A friend gave a copy of Camden and District to a local elderly woman suffering from dementia. The woman is a member of a prominent Camden family with connections to the colonial period. She grew up during the Interwar period on the family farm. One of the images from the time of her youth is of her family’s prize-winning cow at the Camden Show, for over 100 years one of the most important rural festivals in the local area. She recognised the cow and recalled winning the sash. My friend told me the woman holds onto the book in her waking hours as if were a most precious item. It brings back memories of a better time in her life that evoked hope and happiness.

Other readers of Camden and District have welcomed its coverage of the local community’s contribution to the cultural region in the post-war period. Much of the history of Camden had hitherto concentrated on the colonial period and the Macarthur story. As important as this is in the Australian narrative of national building, it ignores the host of other stories that have swirled around it. The local story has many levels, many paths and many layers, including those of more recent decades.

Feature image: part of the Whiteman family portrait.

4 thoughts on “Illuminating local history”

  1. Great post, Ian. As the author of three books in this Kingsclear series I want to add how interesting they are to research and write, and how Trove has transformed the process.

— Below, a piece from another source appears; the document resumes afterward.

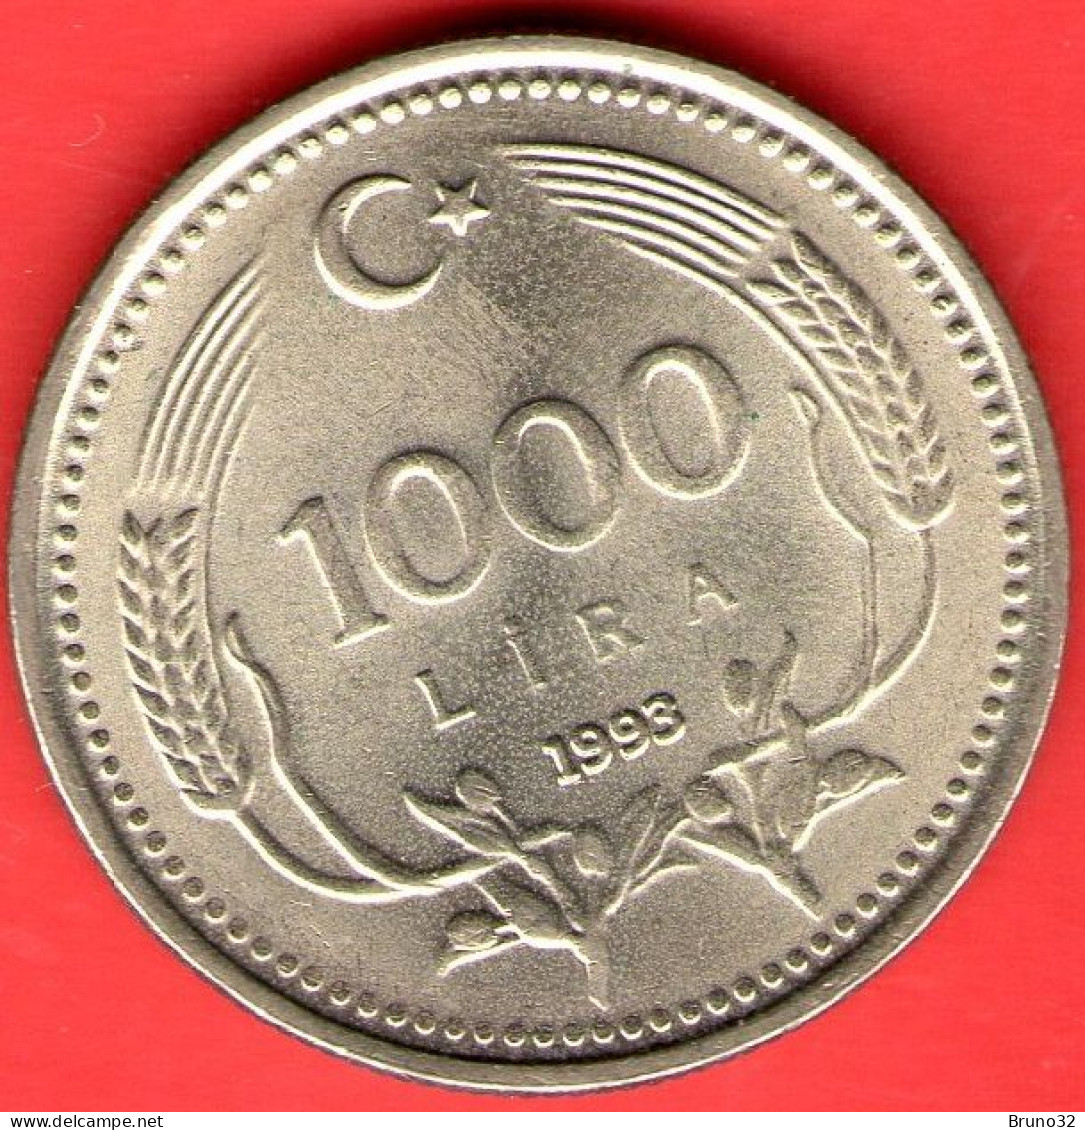 Turchia - Turkey - Turkije - 1993 - 1000 Lira - QFDC/aUNC - Come Da Foto - Turquie

  2. As the writer of two in the Kingsclear series I second that. While not academic, these books have a great reach into the community and ensure that the author’s name becomes well known locally. This means you get many enquiries that need to be flicked to the local studies librarian but there are also advantages to being seen locally as someone with historical credibility.

  3. Interesting post, thanks Ian. I haven’t written any books in this series but I have certainly consulted them. As an art historian I really enjoy seeing how visual culture can enrich our understanding of history.